Avoid the worst consequences, address complexity and balance security with other business needs by working through the issues using a systematic approach and your organization will come out OK.

Recently, an American Business Roundtable report concluded: “Most of the significant cyber-incidents . . . have had at their root cause defective and readily exploitable software code.” This comes at a time when escalating threats, regulatory creep, increased software reuse and dramatic cost increases associated with a seemingly endless cycle of patches and vulnerabilities have made software quality, or surety, a critical issue.

Surety is the extent to which it can be made certain that a system attains the desired properties. Surety levels are associated with risk. High-surety systems are used for applications whose failure could lead to deaths or catastrophic financial loss. Medium-surety systems are used for applications whose failure could cause severe but survivable damages or losses. Low-surety systems are used for applications whose failure could cause lost productivity or minor damages.

Most commercial off-the-shelf (COTS) products are available only as low-surety offerings. Even most security software – such as domain controllers, automated patch management systems and most identity management systems – are low surety because the market values low cost, flexibility, backward-compatibility, features and schedule over security. The economics haven’t been there for the secure design, secure code, extensive security testing and strong change management required to build higher-surety software.

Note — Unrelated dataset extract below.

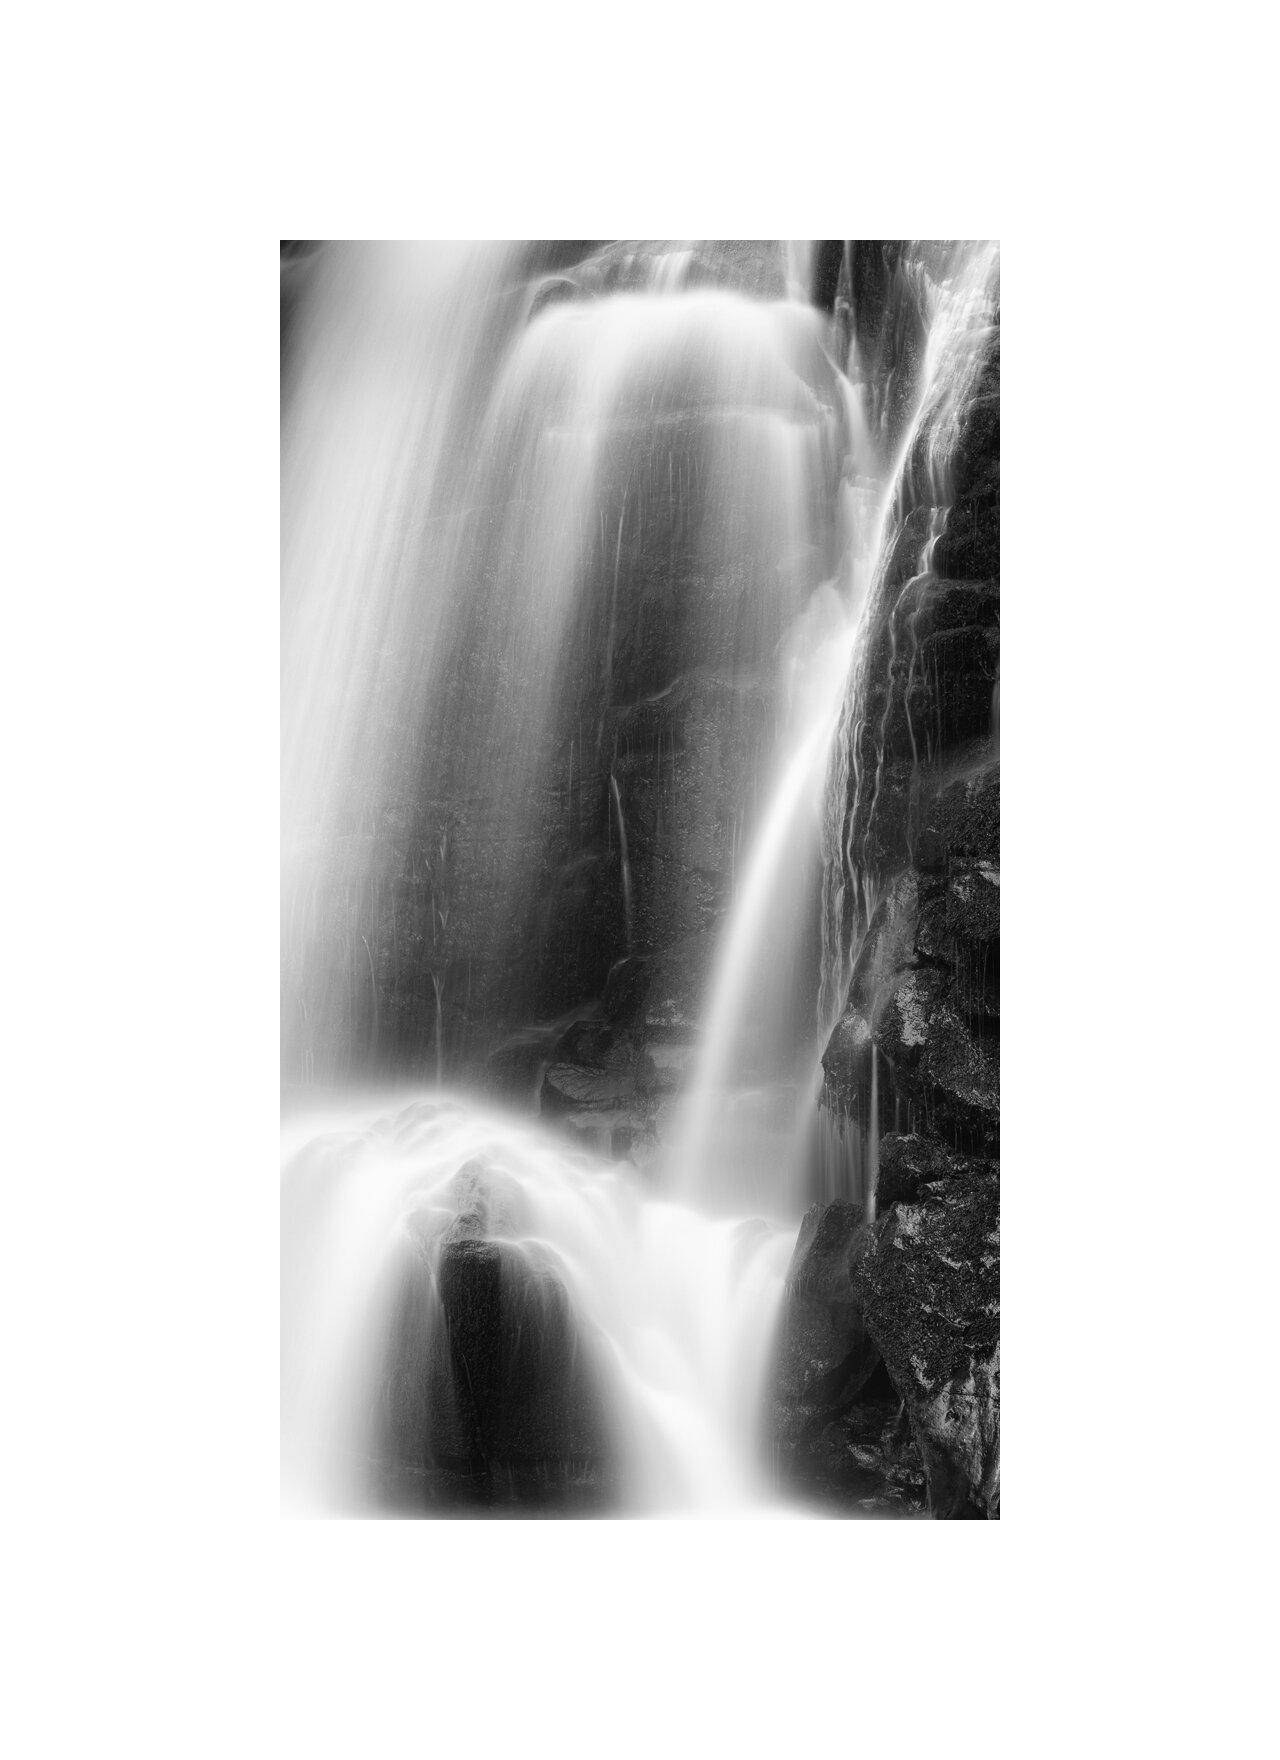 Cataracts, Asama Great Falls

But vendors can do better. Well-known vulnerabilities such as buffer overflows can be largely eliminated using commercially available code-scanning services for as little as $1 per line of code. Customers should demand at least this level of diligence from vendors. As an industry, we need to put more effort into researching and documenting secure development practices, training practitioners, changing license terms to favor users over vendors and imposing consequences on vendors for software failures.

But let’s face it: Market economics aren’t going to change altogether. And in the end, software surety can only get so far in the face of ever-increasing system complexity. Ten years from now, serious software quality issues will remain. That’s why properly constructed medium- or high-surety systems use COTS components but don’t trust them too much. For example, a medium-surety manufacturing line might mitigate the risk in a low-surety COTS control system through a hardware failsafe that physically prevents the flow of fluid into a pipe from changing rapidly, no matter what the software does.

Developing system-wide surety approaches is the long-term issue. Practice basic security by following ISO 17799 and other control standards for management. Conduct risk assessments and map risk to the required surety thresholds. Demand higher software quality from vendors that write applications for higher-surety environments or whose widespread operating system and security infrastructure software aggregate risk. Deploy a layered defense to protect against inevitable failures. Avoid the worst consequences, address complexity and balance security with other business needs by working through the issues using a systematic approach and your organization will come out OK.